Шрифт:
Интервал:
Закладка:
Юноша продолжил образование в Пажеском корпусе, где учился столь же блестяще, а потому по окончании корпуса Иван был определен в гвардию.
Бравый гвардеец, толковый и требовательный командир, знавший все тонкости армейской науки, в мирной жизни он производил впечатление застенчивого ребенка, часто краснел, стеснялся своих стихов.

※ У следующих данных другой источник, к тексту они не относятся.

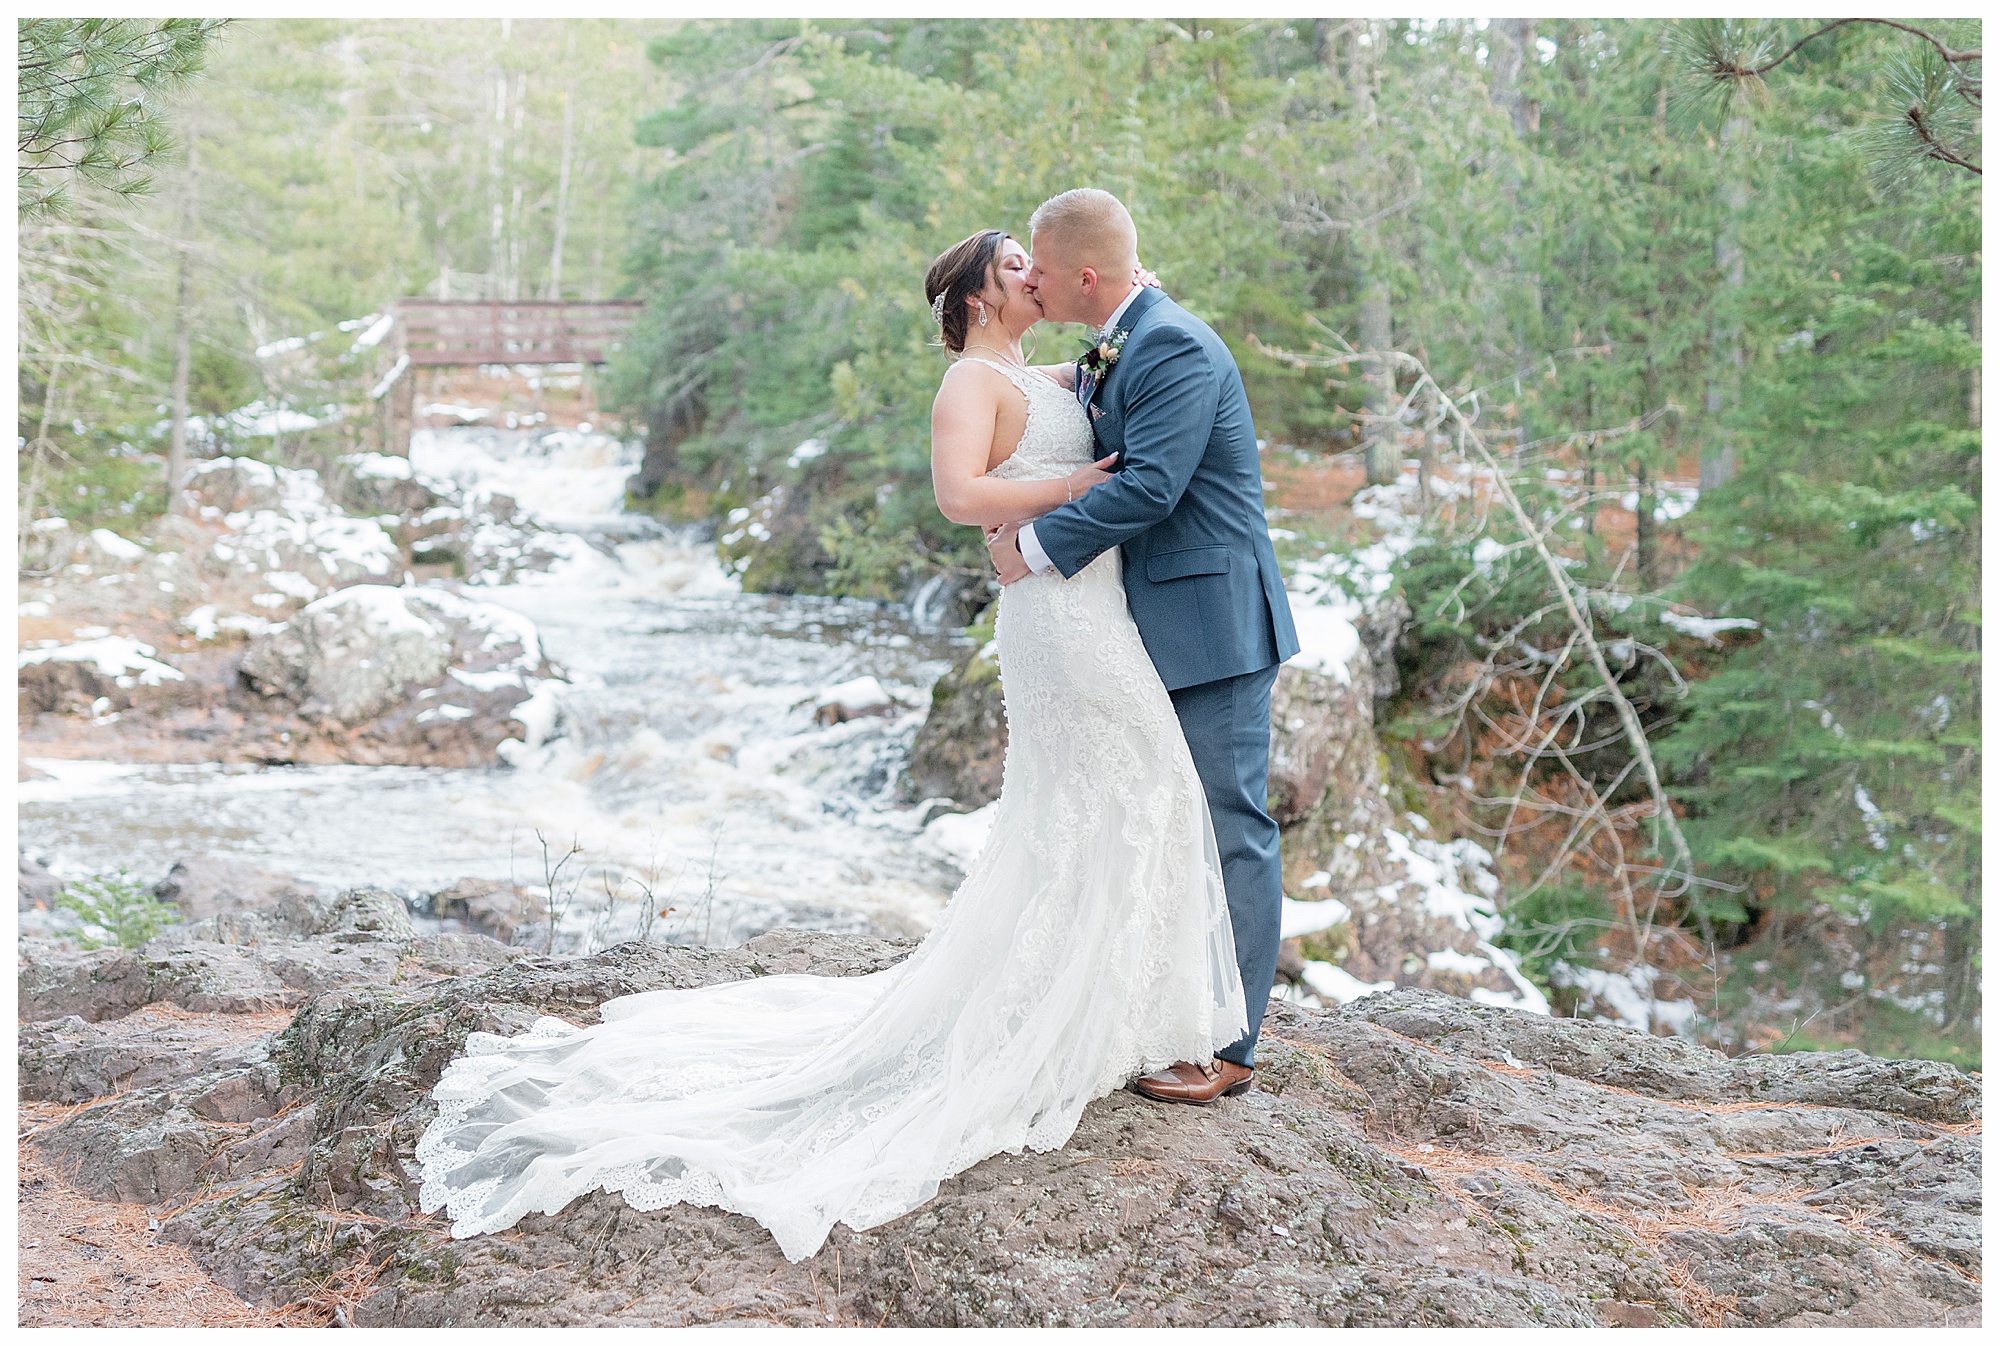 A Wisconsin waterfall state park adventure elopement. Photography by Kayla Lee.

Батюшков, вспоминая друга и размышляя о таинстве дружбы, писал: «Души наши были сродны. Одни пристрастия, одни наклонности, та же пылкость и та же беспечность, которые составляли мой характер в первом периоде молодости, пленяли меня в моем товарище. Привычка быть вместе, переносить труды и беспокойства воинские, разделять опасности и удовольствия теснили наш союз. Часто и кошелек, и шалаш, и мысли, и надежды у нас были общие…»[303]
Батюшков и Петин познакомились во время похода нашей армии в Германию в марте 1807 года. У них оказались общие знакомые и приятели, а главное — они вдруг, по первому разговору, почувствовали согласие и дум своих, и сердец. То счастливое и глубокое согласие, которое позволяет друзьям обходиться потом и без слов, и даже без частых встреч.
Что они вспоминали в том шалаше, на биваке, когда сильные весенние ливни не давали войскам двинуться вперед? Иван и Константин были еще совсем юные, по нынешним временам — мальчишки. Должно быть, молодые офицеры вспоминали детство, матушкины кушанья и отцовские книги, обстановку родительского дома (по достатку и укладу жизни семьи друзей были схожи).
Первые ранения они получили почти одновременно: Батюшков — 29 мая, под Гейльсбергом, а Петин — 2 июня, под Фридландом. Молодые офицеры крепко сдружились.
«Мы были ранены в 1807 году, я — сперва, он — после, и увиделись в Юрбурге. Не стану описывать моей радости. Меня поймут только те, которые бились под одним знаменем, в одном ряду и испытали все случайности военные. В тесной лачуге на берегах Немана, без денег, без помощи, без хлеба (это не вымысел), в жестоких мучениях, я лежал на соломе и глядел на Петина, которому перевязывали рану. Кругом хижины толпились раненые солдаты, пришедшие с полей несчастного Фридланда, и с ними множество пленных…»[304]
Поручик Батюшков за отличие в боях был награжден орденом Святой Анны 3-й степени, поручик Петин — орденом Святого Владимира 4-й степени, а также золотым оружием с надписью «За храбрость».
Через год — новая война, новый поход. На этот раз в Швецию. 15 октября друзья участвуют в битве у Индесальми, селения в Финляндии. Правда, Иван Петин был со своими егерями в гуще сражения, а подразделение Константина Батюшкова находилось в резерве.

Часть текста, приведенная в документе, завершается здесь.